The determined gleam in her eyes left him with no doubts. She had her sights set on flinging herself off the tallest building.
Yet when Tanner looked deeper into Kathleen's eyes, he found an edginess lurking beneath her determination. She swept a hand down her flowing shirt, treating him to a tantalizing outline of her breasts, before she braced her shoulders and charged forward.
Tanner leaned back against the coffee cart and let her come to him. Better to see exactly where she was headed. He'd given as good as he'd gotten back at the chapel that morning. From past experience, he suspected Kathleen's anger might not be as quick to cool as his.
Her brisk strides drew his attention down to her slim legs. Had she poured herself into those pants? With her baggy shirt flowing below her hips, it wasn't as if she'd left everything out there for display. But the way those pants molded to her calves, her legs might as well have been bare. Her wet hair, the long shirt, made for fantasy material … Kathleen after a shower, wearing only his shirt.
"Hi." She cruised to a stop in front of him. With a flick of her head, she swung her hair into place. Revealing her bandage.
The fantasy image disappeared faster than the airman's food.
"Want some eggnog?" Tanner thumbed toward the milky carafe perched in an ice bucket, then stirred two fingers in the air over a potful of something resembling hot tea with floating dirt. "I'm not sure what's in that other thing there. Looks like somebody forgot to strain it."
"Hot cider. Those are cloves."
"Ahhh. Guess it beats cactus."
She sidled past him to pour a cup of cider. Fewer than three inches separated them as she leaned, shower-fresh and smelling so good his mouth watered.
Work, investigation, pin-pull actuators, load ramps, he mentally chanted to numb his body. It wasn't working.
Then she stepped away. Tanner finished his coffee in one long gulp, watched Kathleen over the rim, assessed his opponent.
Half sitting on a sofa back, she blew into her cup. Imagining those same puffs of air against his neck almost sent him across the room toward her.

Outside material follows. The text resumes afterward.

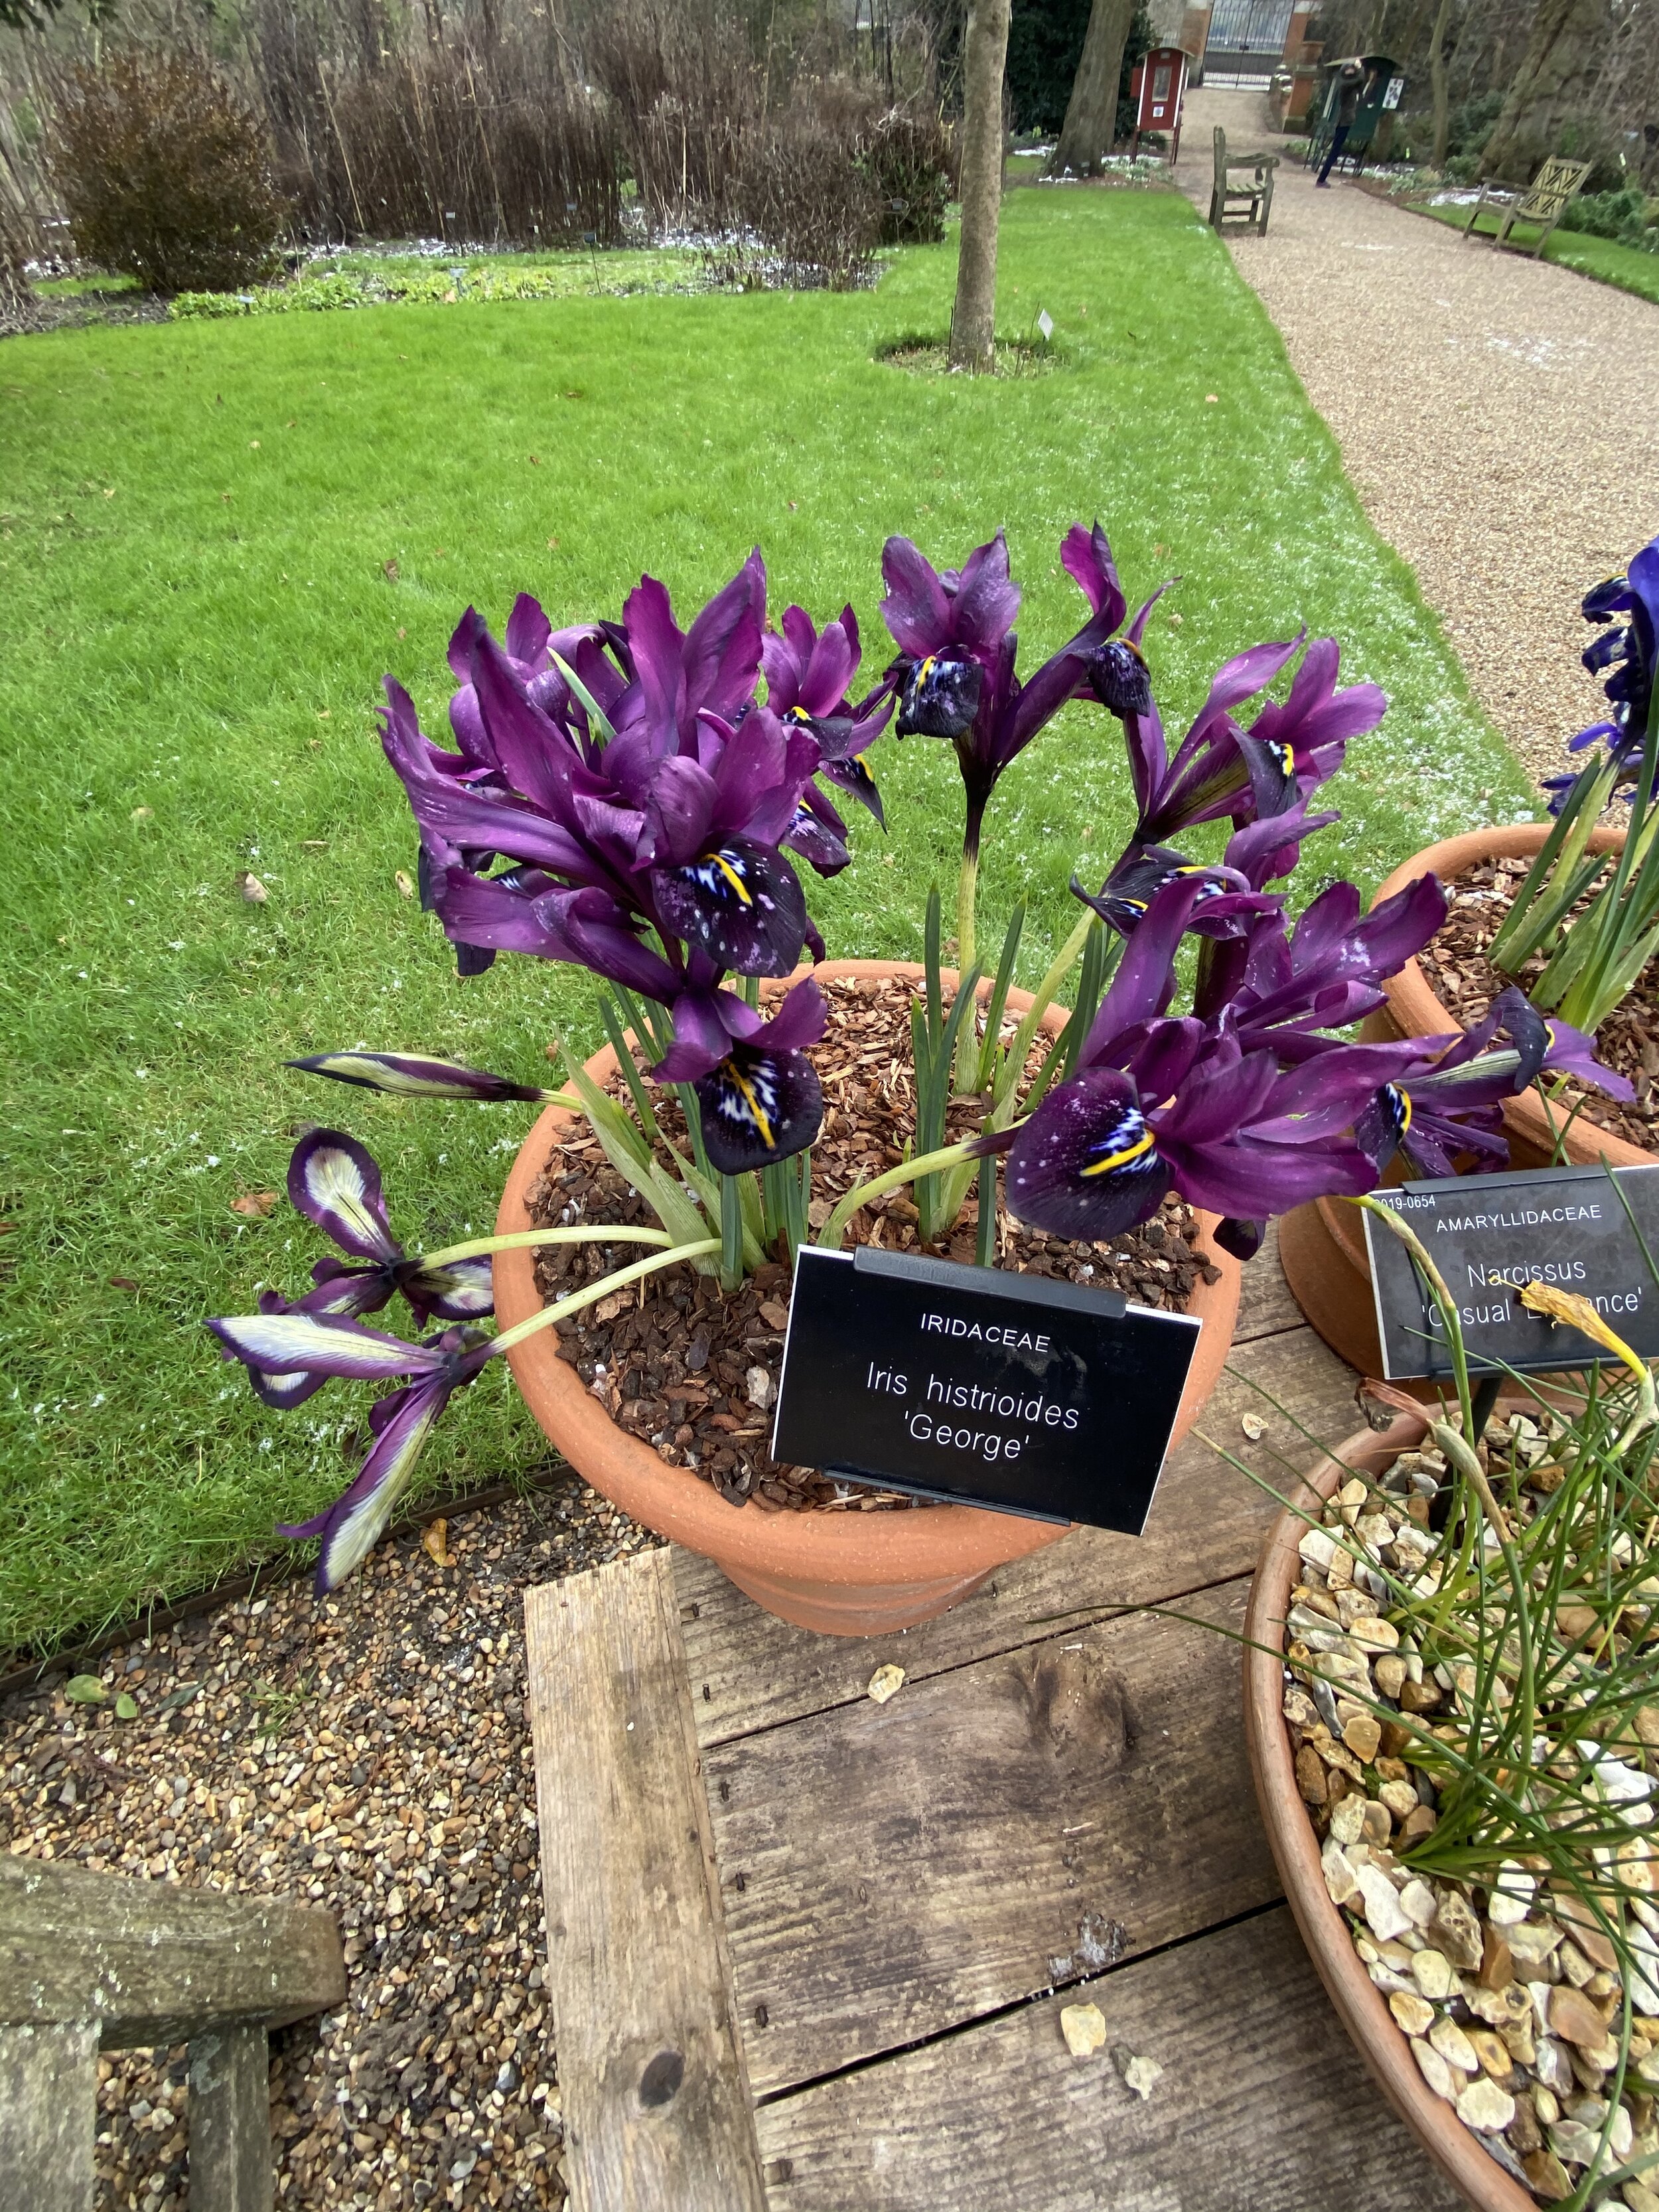 Iris histrioides 'George

He forced his eyes away, down to something safe, like her feet. Damn. She even had sexy feet with slim, bare ankles peeking just above her simple white canvas shoes.
Sexy, restless feet that shuffled, tapped, flexed, before she stopped and crossed them. Nerves looked strange on Kathleen. He'd never seen her wired before. Fired up, yes. But wired, never.
They couldn't work together with this kind of tension. Time to make the peace and set their eyes on work.
"I've been thinking." Tanner barreled ahead, unwilling to watch her twitch for another minute. "You were right about using this time to work on the case. We can take the 'night owl' out Friday. The rehearsal isn't until Saturday morning anyway, since that's all the time the crew could get off given the mess overseas. Lucky for Cutter, he was already set to rotate out. Meanwhile that gives us two full days to work through reports."
"You want to work with me."
"Yes."
"Let me help?"
He nodded. As long as he was spotting her if she pulled any lone-ranger stunts, he could live with that, not that Kathleen left him any choice.
She smiled, just a regular smile that shouldn't have the power to rob him of the ability to breathe. But it did.
Her eyes sparkled like a sky full of northern lights right outside his windscreen. Awesome, unexpected and rife with the power to distract him from his job until he crashed and burned.
Tanner pivoted away to refill his coffee. "Why did you want me to wait for you?"
"Oh! Right. I have something for you."
"For me?" he said over his shoulder, replacing the pot.
"Turnabout's fair play. Now close your eyes."